This requirement does not always allow for rules to be flexed, even where appropriate disapplication or modification of rules would provide a better regulatory outcome.
The Government addressed this by introducing a new ability for regulators to flex their rules in a wider range of circumstances. This was legislated for through the Financial Services and Markets Act 2023 and is now set out in Section 138BA of FSMA. Under Section 138BA, the Treasury may specify regulator rules made under FSMA, which the relevant regulator can then permit a firm to disapply or modify. As with the existing rule-flexing tool in FSMA, a regulator can permit a firm to disapply or modify rules under Section 138BA only if the firm requests this or consents.
These regulations exercise, for the first time, the power approved by Parliament at Section 138BA of FSMA. The regulations do two things. First, they enable the PRA to permit a firm to disapply or modify any PRA rule in accordance with Section 138BA except for conduct rules and threshold conditions rules, which FSMA excludes from the scope of Section 138BA. After careful consideration, the Government have concluded that the PRA should have the ability to permit a firm to disapply or modify any PRA rule. This is because flexibility in the application of rules is particularly important for banks, large investment firms and insurers that are regulated by the PRA. These complex institutions, with highly specialised business models, often require a highly tailored approach to ensure that they are appropriately regulated.
Secondly, these regulations apply certain procedural safeguards to the PRA’s decisions under Section 138BA. When the PRA refuses a firm’s application or imposes conditions on a firm’s permission to disapply or modify rules, the PRA must issue a notice explaining its decision. When a permission to disapply or modify rules is given, the PRA must publish a decision notice so that it is public knowledge that a particular firm is subject to a tailored regulatory requirement. The regulations provide for an exception where the PRA is satisfied that publication is unnecessary or inappropriate, taking into account certain specified matters, for example whether publication would be detrimental to the stability of the UK financial system. If an affected firm is aggrieved by a PRA decision, it may appeal by referring the decision to the Upper Tribunal, which is the part of the Courts & Tribunals Service responsible for hearing appeals against decisions made by various public sector bodies, including the PRA and the FCA.
These regulations make use of an important regulatory tool recently approved by Parliament in FSMA 2023. They provide the PRA with a level of flexibility needed to ensure that the application of prudential rules to banks, large investment firms and insurers can be flexed, where appropriate, to ensure that regulation of these large and complex firms remains effective. They also ensure that the PRA, when taking these decisions, is appropriately accountable and transparent. I beg to move.

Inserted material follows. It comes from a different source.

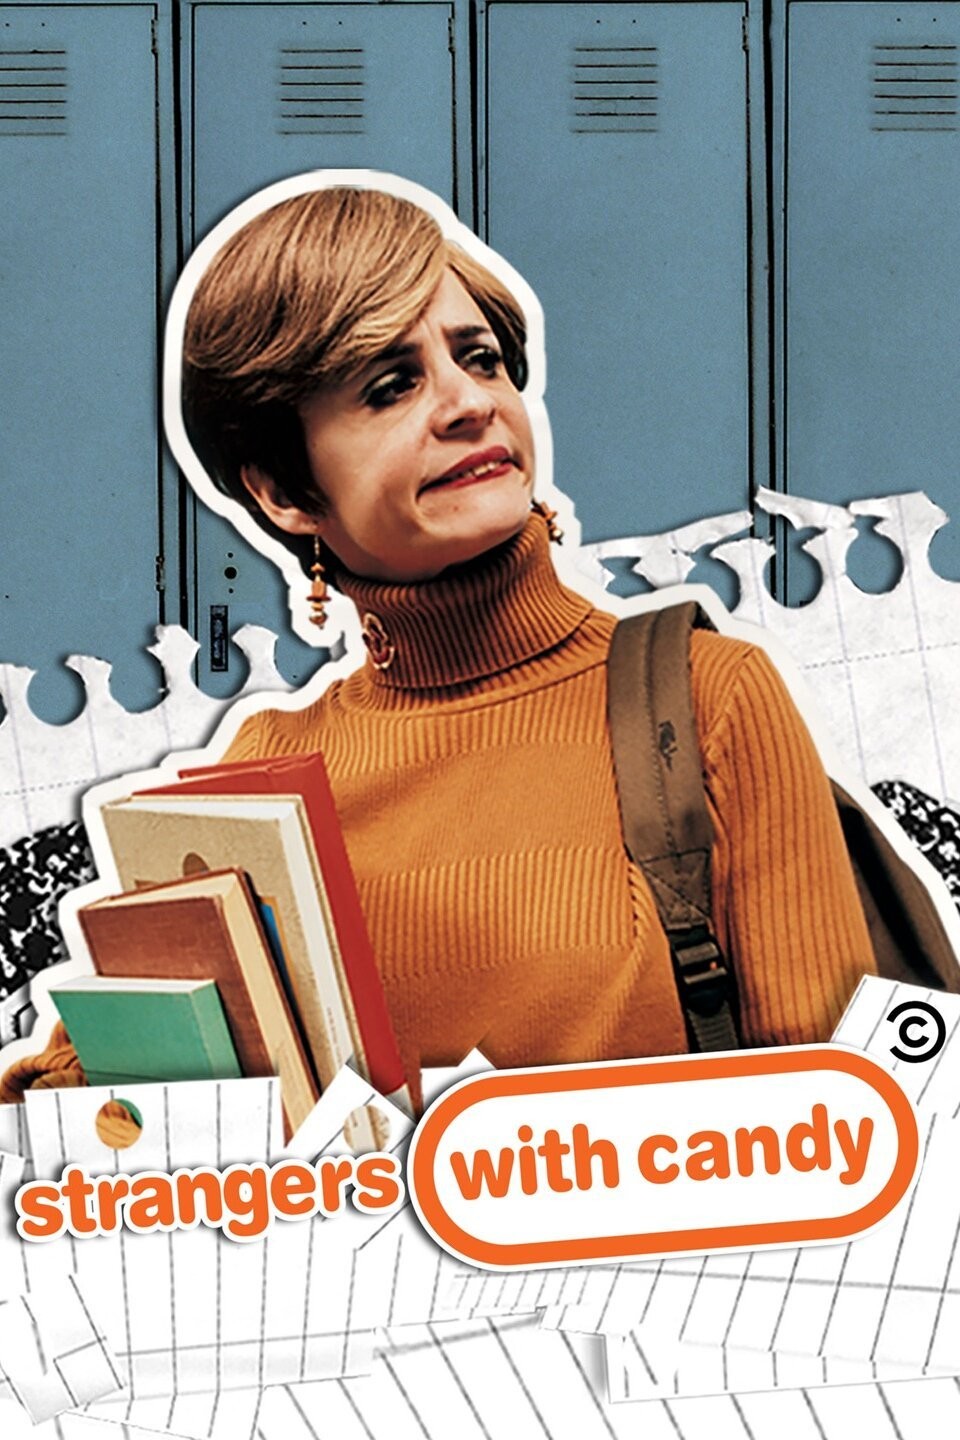 Ten Years Ago: Strangers With Candy – 10 Years Ago: Films in Retrospective

My Lords, the Explanatory Memorandum and de minimis impact assessment for this SI contain a number of vague assertions. Nowhere is there to be found a plain English statement of the benefit brought about this SI, except in the vaguest and most general terms. In essence, as the Minister has explained, this SI does one important thing: it removes the two conditions, of which one must be fulfilled, for the PRA to allow modification or disapplication of the rules for individual firms.
This power to allow the modification or disapplication is, as the Minister has said, contained in Section 138A of FSMA. The two conditions to be granted a waiver are that the rule or rules in question are “unduly burdensome” and/or
“would not achieve the purpose for which the rules were made”.
The PRA appears to be the sole judge of whether either or both of these conditions may apply. There is no definition of “unduly burdensome” and no specified mechanism for deciding whether the rules are fit for purpose or not. The Explanatory Memorandum seems to suggest that such rulings may be challenged in the Upper Tribunal. Is there a body of case law from Upper Tribunal hearings that helps with the definition of “unduly burdensome” and how “fit for purpose” may be established?
Currently, waivers may be granted only if either of the two conditions applies, and the PRA appears to have discretion over whether they do or do not. This SI changes that; it inserts an additional and unconditional waiver mechanism which allows the PRA, as the Minister has said, practically unfettered discretion to modify or disapply rules for individual firms as it sees fit. What justification is there for allowing this unfettered discretion? What is really wrong with the current arrangements?
The EM and the IA both have a go at answering those questions. In paragraph 5.4, the EM states that
“section 138A of FSMA … does not, by itself, provide sufficient flexibility for a truly agile regulatory regime … This requirement”—
by which it means the two conditions—
“does not always allow for rules to be flexed, even where appropriate disapplication or modification of rules would provide a better regulatory outcome”.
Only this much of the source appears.